A Jewish co-worker recently directed a patron to an online article by “The Aish Rabbi” in which he answers the question, “why don’t the Jews believe in Jesus?” I will respond to his contentions point by point. Scripture is from the NAS, unless otherwise indicated.

The Aish Rabbi: For 2,000 years, Jews have rejected Christianity and the idea of Jesus as messiah. It is important to understand why Jews don't believe in Jesus. The purpose is not to disparage other religions, but rather to clarify the Jewish position. The more data that's available, the better-informed choices people can make about their spiritual path.

B. Douglass: Yes, unfortunately, the Jews in the main have rejected Jesus as the Messiah. “He came to His own, and those who were His own did not receive Him” (John 1:11). Scripture predicted this rejection, as St. Peter Damian proves:

[W]ho is the stone which the Lord promised to place in the foundation of Zion? Isaiah said of it: ‘See, I am laying in Zion a stone for a foundation, a tested stone, a precious cornerstone as a sure foundation’ (Is 28:16). Who, I say, is this stone but he of whom David sang: ‘The stone which the builders rejected has become the cornerstone’? (Psalm 117:22) ...This is certainly the stone which Daniel saw cut out of the mountain, made without hands (Dan 2:34), namely, Christ, who without human intervention was born of the unsullied Virgin.1

Likewise, Malachi 1:10-11 predicted that God would reprobate the Jewish Temple worship of animal sacrifice, and institute in its place one pure oblation which would be offered all over the world by Gentiles, namely the Holy Mass. “I have no pleasure in you, saith the Lord of hosts: and I will not receive a gift of your hand. For from the rising of the sun even to the going down, my name shall be great among the Gentiles, and in every place there shall be sacrifice, and there shall be offered to my name a clean oblation: for my name shall be great among the Gentiles, saith the Lord of hosts” (DRV, edited to read in the future tense; cf. Zephaniah 2:11). This is the situation which obtains today. The kingdom of God has been taken from the nation of Israel and given to nations who will bear its fruit (Matthew 21:43).

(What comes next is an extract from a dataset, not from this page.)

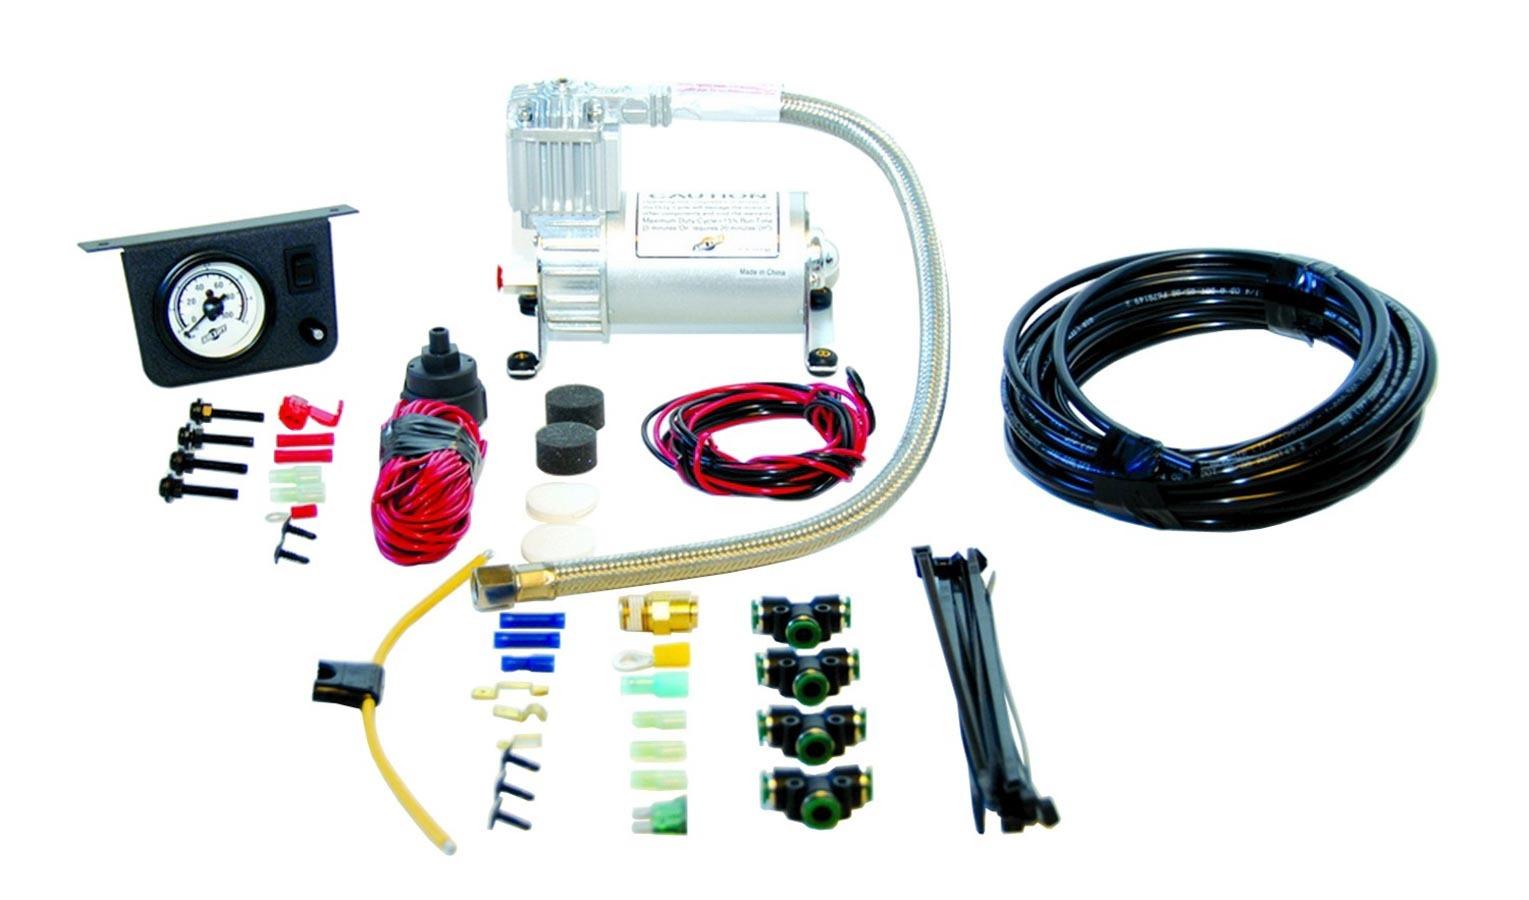 Air Lift 25655 Air Compressor, Load Controller I, Suspension, 100 psi Max, 12V, Single Gauge, Controls / Pressure Sensor, Airlift Air Spring Kits, Kit

The Aish Rabbi: What is the Messiah supposed to accomplish? The Bible says that he will:

A. Build the Third Temple (Ezekiel 37:26-28).
B. Gather all Jews back to the Land of Israel (Isaiah 43:5-6).
C. Usher in an era of world peace, and end all hatred, oppression, suffering and disease. As it says: ‘Nation shall not lift up sword against nation, neither shall man learn war anymore.’ (Isaiah 2:4)
D. Spread universal knowledge of the God of Israel, which will unite humanity as one. As it says: ‘God will be King over all the world -- on that day, God will be One and His Name will be One’ (Zechariah 14:9).

The historical fact is that Jesus fulfilled none of these messianic prophecies.

Christians counter that Jesus will fulfill these in the Second Coming, but Jewish sources show that the Messiah will fulfill the prophecies outright, and no concept of a second coming exists.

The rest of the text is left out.